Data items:
▶
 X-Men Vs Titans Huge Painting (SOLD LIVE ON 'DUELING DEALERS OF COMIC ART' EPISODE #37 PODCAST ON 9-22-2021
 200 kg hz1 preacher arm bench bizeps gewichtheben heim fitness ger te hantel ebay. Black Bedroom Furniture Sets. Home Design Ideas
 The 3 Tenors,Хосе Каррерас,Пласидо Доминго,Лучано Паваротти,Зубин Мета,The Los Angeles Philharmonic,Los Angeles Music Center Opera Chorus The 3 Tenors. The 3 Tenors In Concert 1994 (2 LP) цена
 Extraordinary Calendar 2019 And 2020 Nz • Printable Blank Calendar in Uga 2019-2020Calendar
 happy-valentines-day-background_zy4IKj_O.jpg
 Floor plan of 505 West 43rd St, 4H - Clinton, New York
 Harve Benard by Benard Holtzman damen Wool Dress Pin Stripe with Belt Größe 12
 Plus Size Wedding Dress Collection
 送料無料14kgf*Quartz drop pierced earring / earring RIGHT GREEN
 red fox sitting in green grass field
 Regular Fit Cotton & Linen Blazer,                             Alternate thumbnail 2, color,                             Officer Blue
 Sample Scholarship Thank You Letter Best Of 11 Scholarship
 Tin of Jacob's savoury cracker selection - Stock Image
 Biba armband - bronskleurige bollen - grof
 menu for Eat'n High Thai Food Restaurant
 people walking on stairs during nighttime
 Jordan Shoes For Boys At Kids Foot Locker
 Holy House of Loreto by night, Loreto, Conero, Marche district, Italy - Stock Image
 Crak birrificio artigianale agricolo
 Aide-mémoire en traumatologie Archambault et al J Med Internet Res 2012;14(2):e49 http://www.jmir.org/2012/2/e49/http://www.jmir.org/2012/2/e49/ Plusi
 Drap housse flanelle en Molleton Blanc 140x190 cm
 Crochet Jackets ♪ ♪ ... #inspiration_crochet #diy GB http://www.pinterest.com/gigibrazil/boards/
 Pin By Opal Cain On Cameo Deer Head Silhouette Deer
◀
**Exercise prompt:**
Set the lines down exactly, from the first line of the records to the line where "200 kg hz1 preacher" appears, with both ends kept.

**Task answer:**
 X-Men Vs Titans Huge Painting (SOLD LIVE ON 'DUELING DEALERS OF COMIC ART' EPISODE #37 PODCAST ON 9-22-2021
 200 kg hz1 preacher arm bench bizeps gewichtheben heim fitness ger te hantel ebay. Black Bedroom Furniture Sets. Home Design Ideas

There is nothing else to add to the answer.